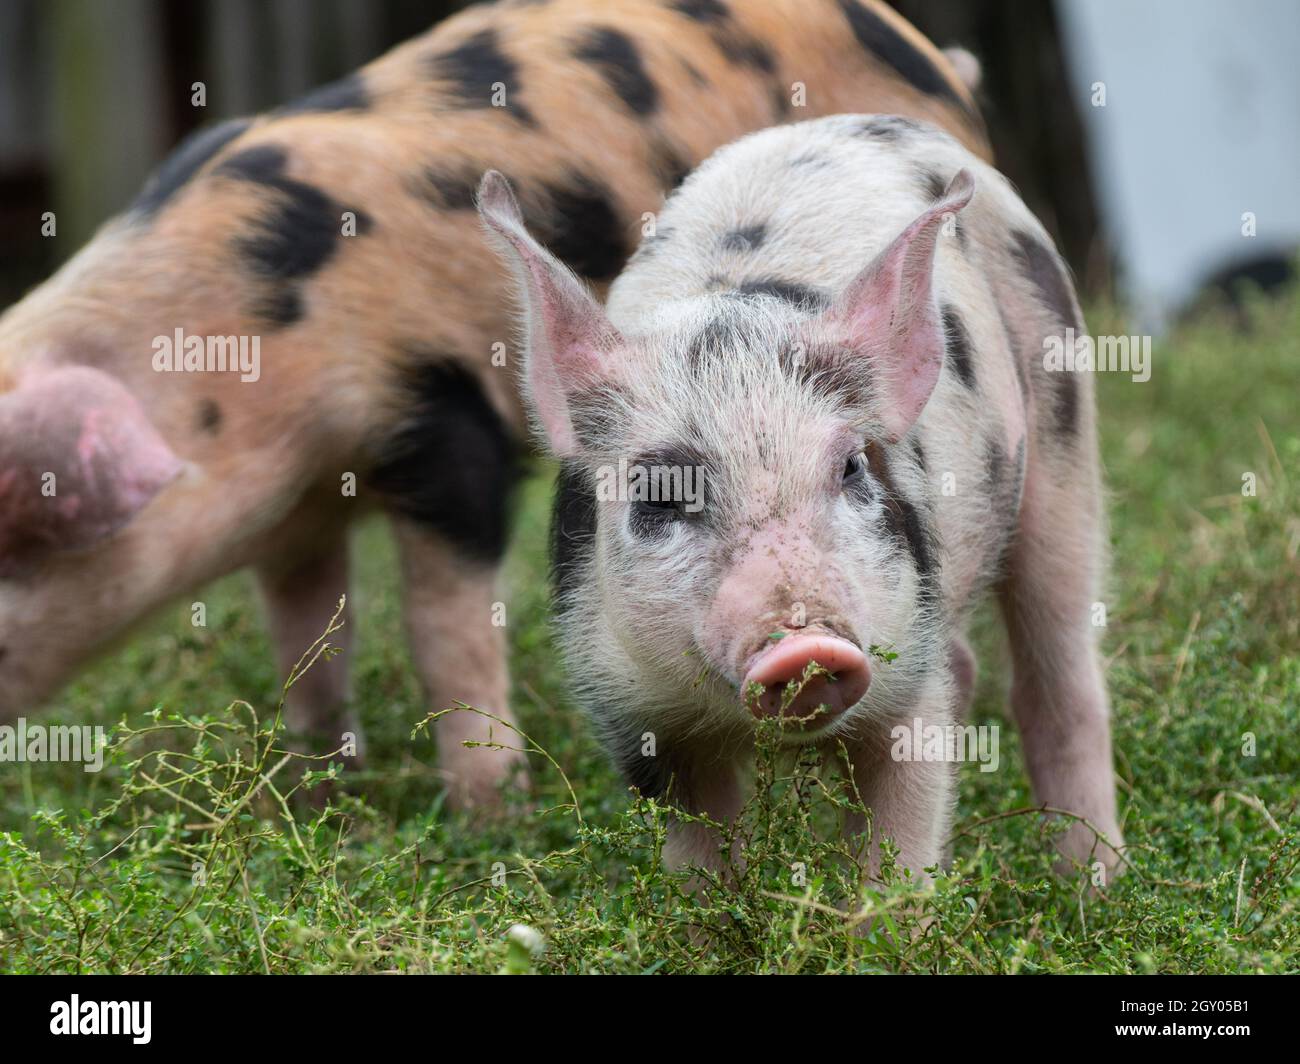 Nahaufnahme eines niedlichen kleinen Schweins mit einer rosa Schnauze und Ohren, weiße Borsten mit schwarzen Tupfen auf einem grasbewachsenen Feld Stockfoto
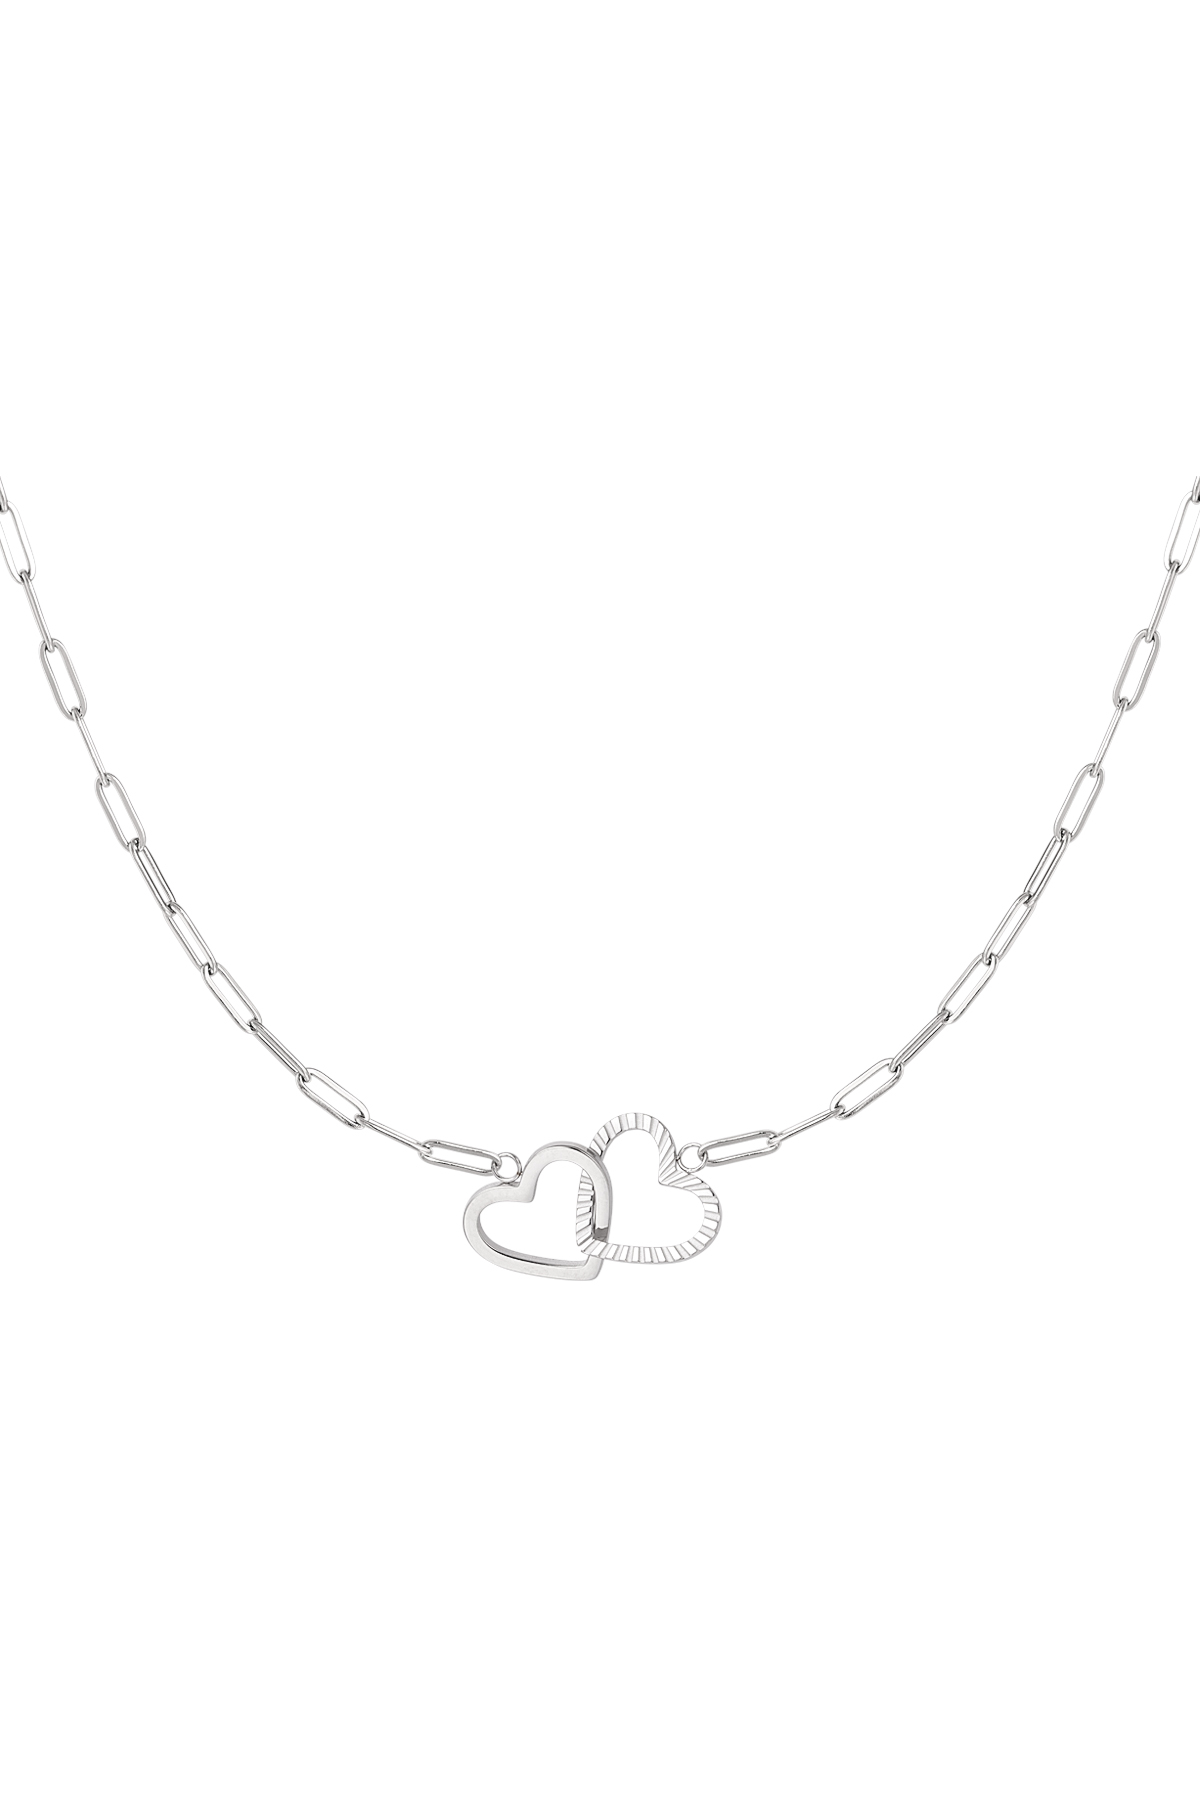 Halskette verbundene Herzen - Silber Edelstahl
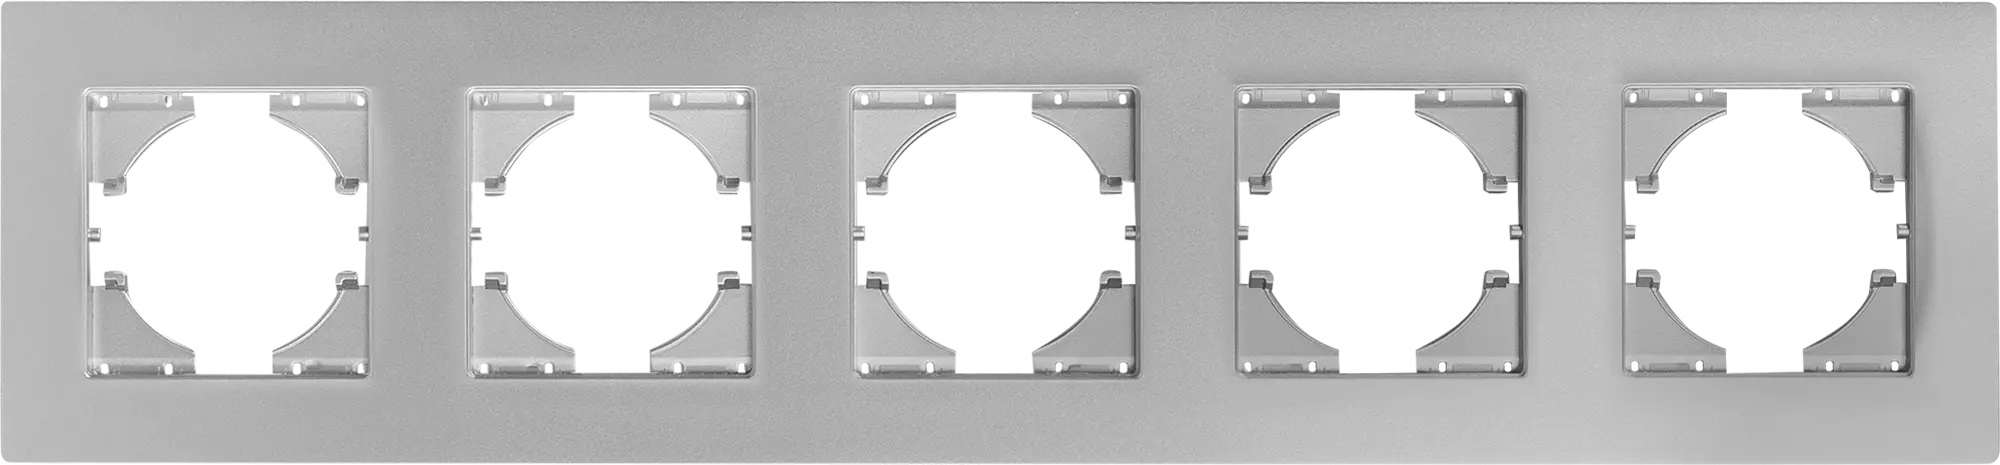 Рамка для розеток и выключателей Gusi Electric City С1115-004 5 постов цвет серебро рамка для розеток и выключателей lexman виктория сферическая 5 постов цвет матовое серебро

▬▬▬▬▬▬▬▬▬▬

**What you should do**
Reproduce every line above exactly, pictures excluded.

**Solution for this task**
 Nahaufnahme eines niedlichen kleinen Schweins mit einer rosa Schnauze und Ohren, weiße Borsten mit schwarzen Tupfen auf einem grasbewachsenen Feld Stockfoto
 Halskette verbundene Herzen - Silber Edelstahl
 Рамка для розеток и выключателей Gusi Electric City С1115-004 5 постов цвет серебро рамка для розеток и выключателей lexman виктория сферическая 5 постов цвет матовое серебро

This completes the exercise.